Elles glissent leurs regards et leurs mains sur les cadavres, vérifiant s’ils portent une chemise, un pantalon, peut-être des chaussures qui permettront d’identifier leur enfant parmi les 300 personnes retrouvées dans ces charniers.

Les mères ont juste besoin d’un détail simple et essentiel pour reconnaître leurs fils. C’est ainsi que la femme en gris a trouvé le sien. Le reste de ses traits s’était dissous et avait disparu.

Israël a assiégé Khan Younès pendant trois mois. L’hôpital al-Nasser, le deuxième plus grand de Gaza, « épine dorsale » des services médicaux dans le sud, est devenu un refuge pour 10 000 Palestiniens cherchant à s’abriter des attaques.

Mais les forces israéliennes ont mené plusieurs raids dans l’hôpital en janvier et février, le mettant complètement à l’arrêt, arrêtant son personnel et faisant fuir des milliers de Palestiniens sans abri.

Dernièrement, après le retrait des troupes au début du mois, nous avons découvert que les Israéliens avaient enterré des centaines de personnes dans le périmètre de l’hôpital.

Le premier jour où les fosses ont été découvertes, 70 corps ont été trouvés. Le lendemain, il y en avait 70 de plus. Ces Palestiniens ont été enfouis sous terre, abandonnés sous les arbres et dans les salles de l’hôpital.

Mardi, les secours en ont trouvé quelques dizaines d’autres, portant le total à 310.

L’air est lourd de l’odeur de la mort. Elle est inévitable, dans chaque recoin, et pire encore lorsqu’un corps est exhumé.

Chaque fois qu’ils creusent, ils trouvent de nouveaux cadavres, parfois dans des endroits auxquels ils ne seraient jamais attendus. Parfois, ils ne trouvent que quelques parties d’une personne ou un cadavre décomposé et méconnaissable.

Selon le bureau des médias du gouvernement de Gaza, certains corps ont été retrouvés décapités, tandis que, sur d’autres, la peau et certains organes avaient été prélevés. Des enfants, des femmes âgées et des jeunes hommes feraient partie des victimes.
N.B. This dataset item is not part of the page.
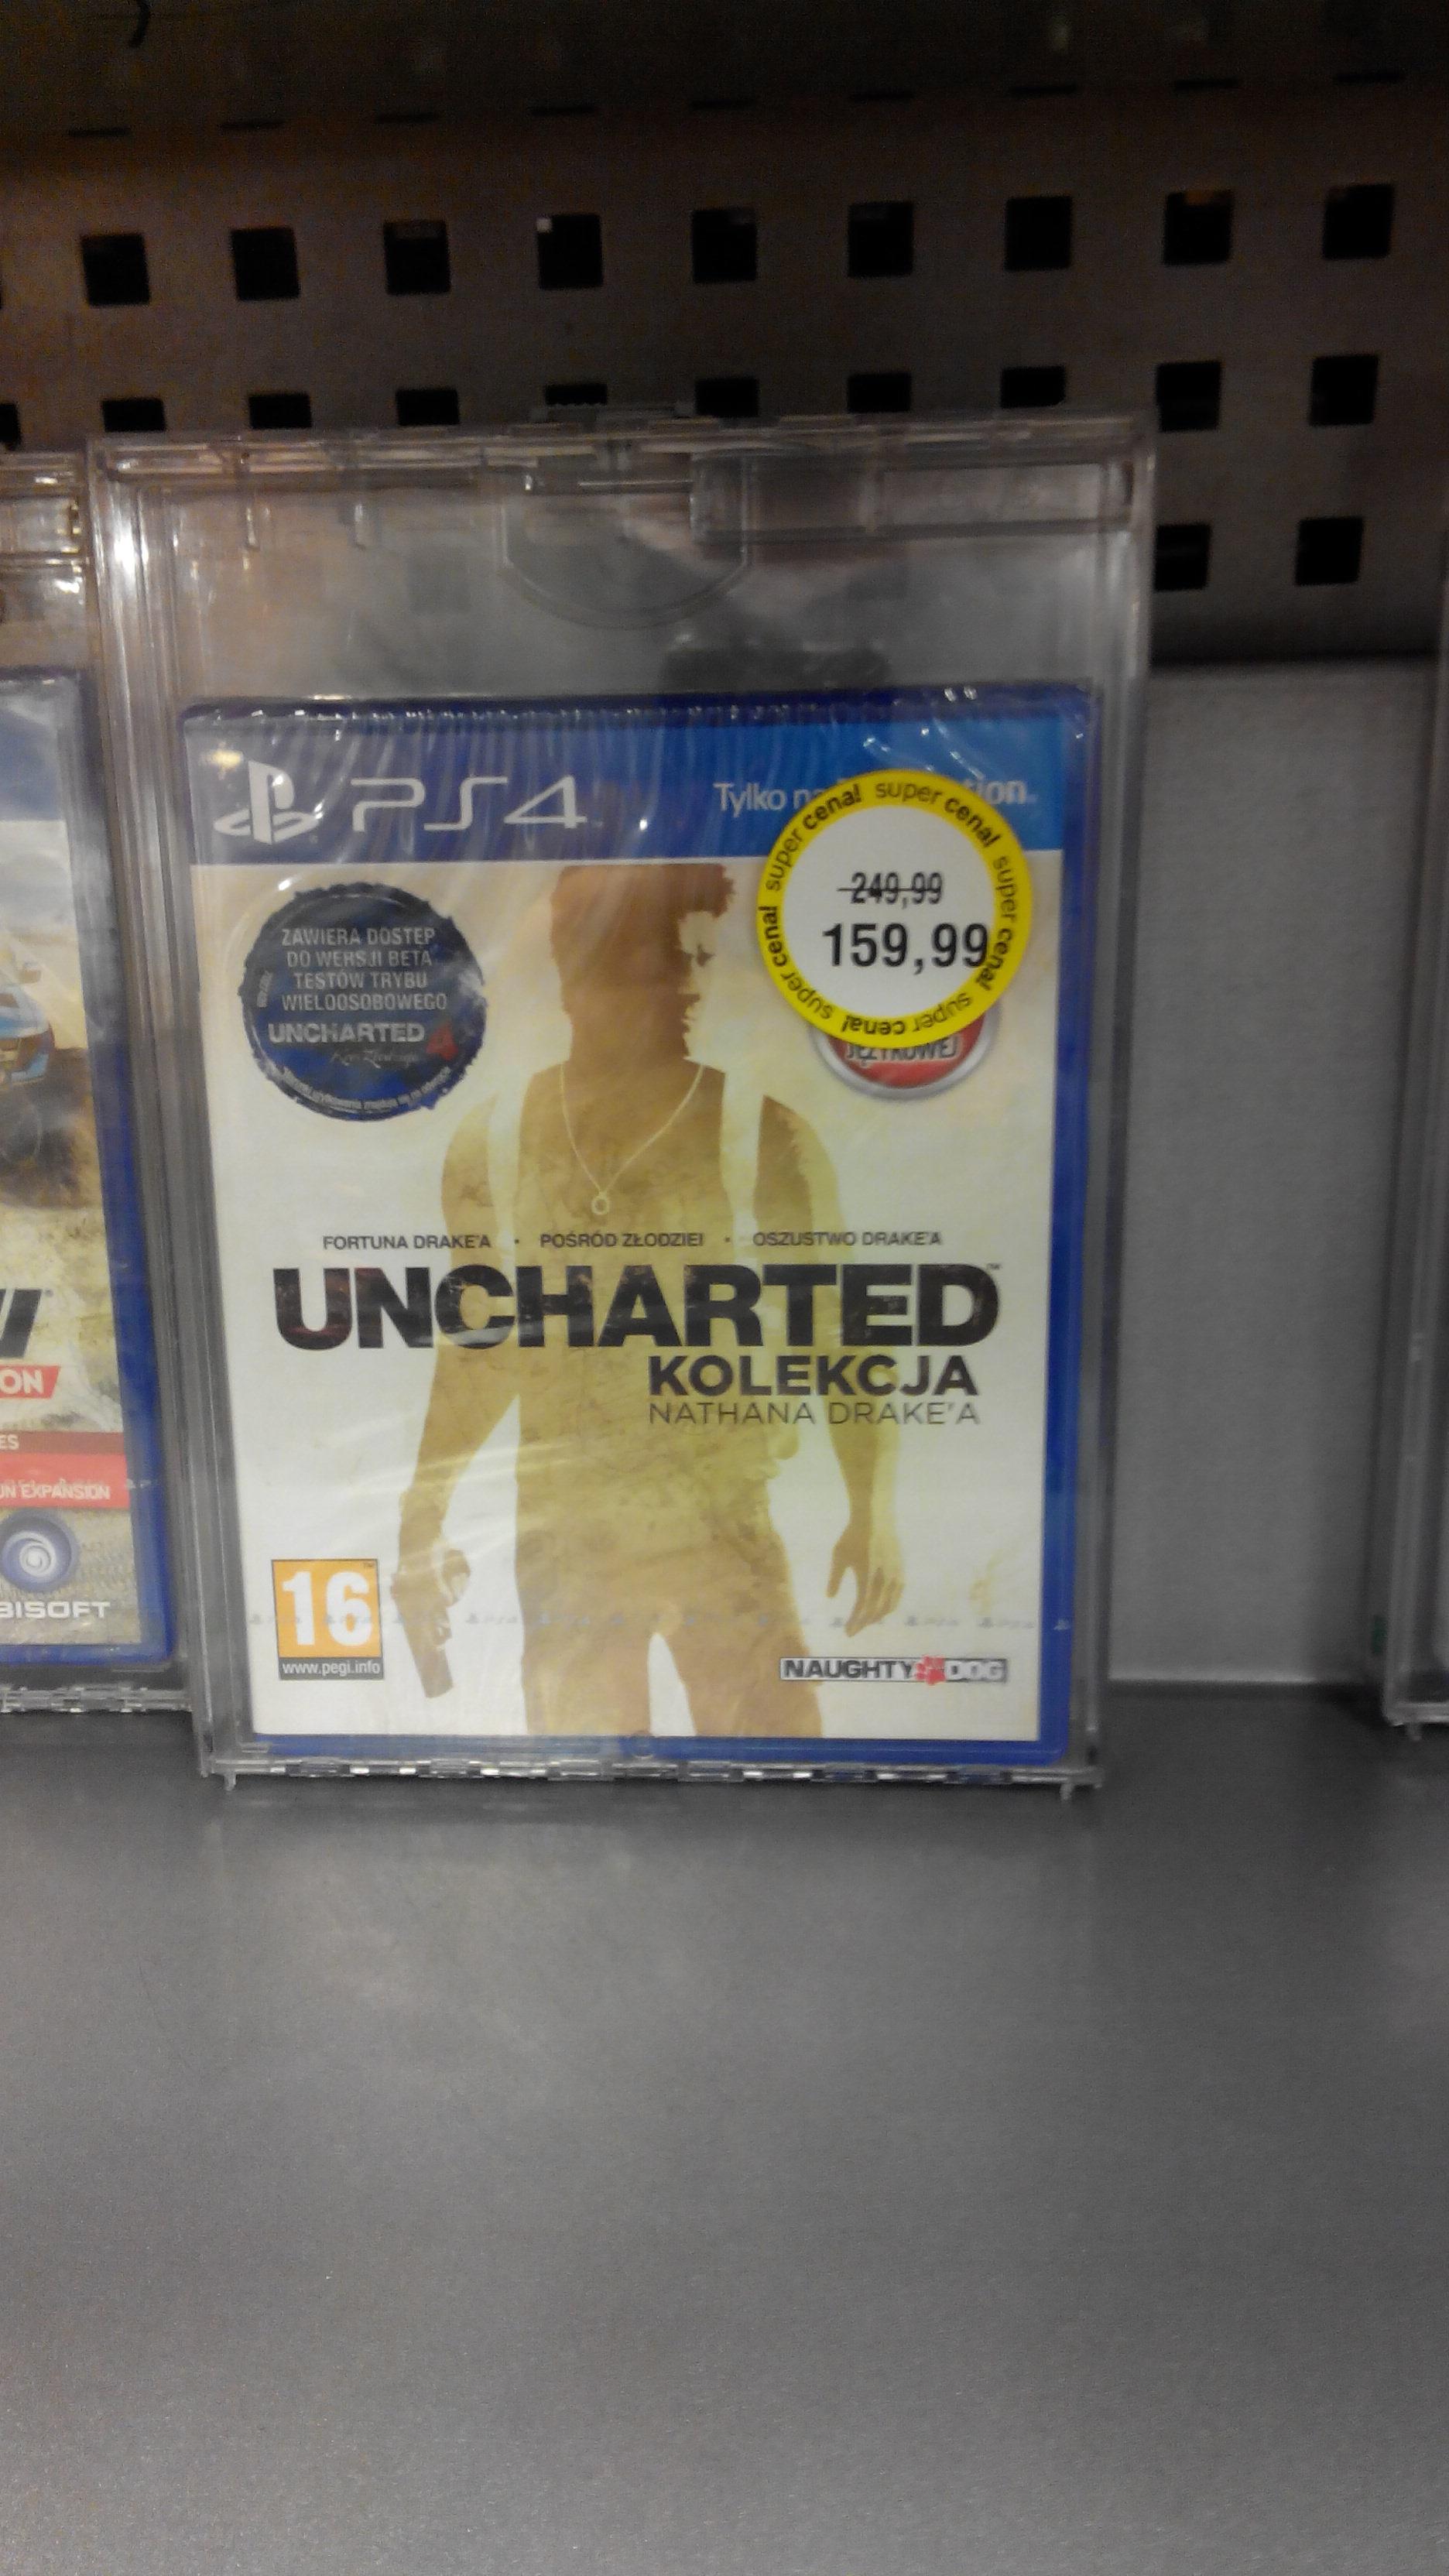 Uncharted Kolekcja Drake'a za 159,99 zl @ Empik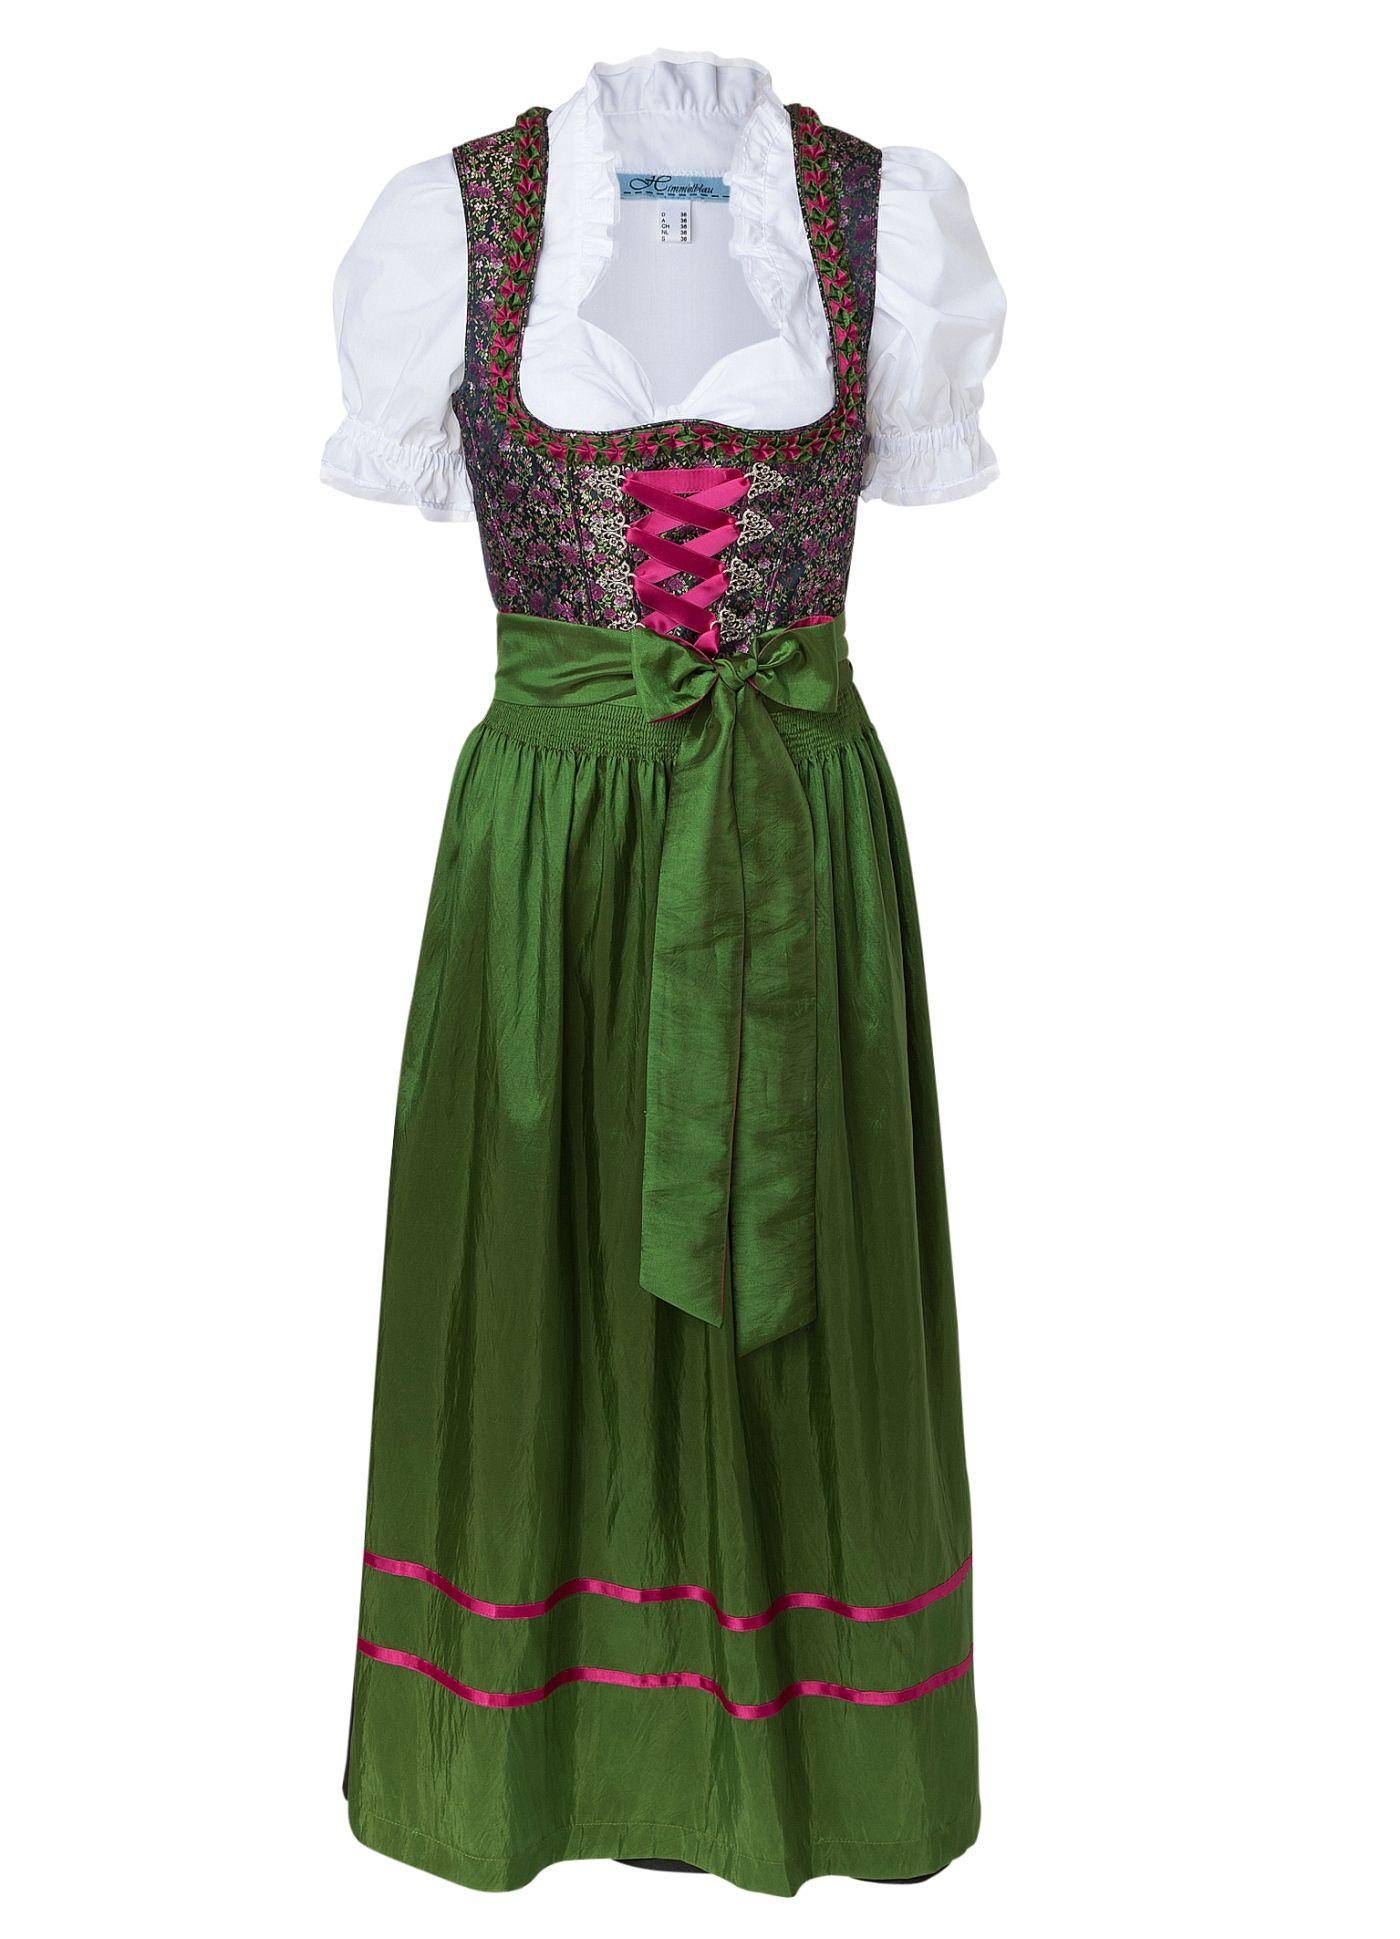 Onlineshop: http://www.hse24.de/Mode/Lola-Paltinger-Dirndl-mit-Blueten-Jacquard-pu51024533.html?mkt=som&refID=pinterest/Mode/Lola-Paltinger&emsrc=socialmedia Trachtenmode Dirndl Kleid #fashion #style #trend #clothing #shopping #dress #wiesn

Les secouristes affirment avoir trouvé des corps avec les mains attachées dans le dos, ce qui, selon le bureau des droits de l’homme de l’ONU, « indique de graves violations du droit international des droits de l’homme et du droit international humanitaire ».

L’armée israélienne nie avoir enterré les corps de Palestiniens, affirmant avoir au contraire « respectueusement » exhumé des dépouilles alors qu’elle était à la recherche des otages israéliens.

Il y a tellement de larmes aujourd’hui à l’hôpital al-Nasser, tellement de douleur. J’ai du mal à trouver les mots pour décrire cette scène.

Ce que l’on ressent quand on voit quelqu’un retrouver son proche est indescriptible, cette façon dont les mères recouvrent leurs fils morts d’un linceul et les accompagnent aux cimetières.

Chaque fois que nous capturons une image, en tant que journalistes, nous le faisons en silence. On ne peut pas parler, on pleure du sang pendant qu’on filme. Nos mains tremblent tellement que nos caméras perdent leur mise au point. Mais on recommence et on réessaie.

Traduit de l’anglais (original).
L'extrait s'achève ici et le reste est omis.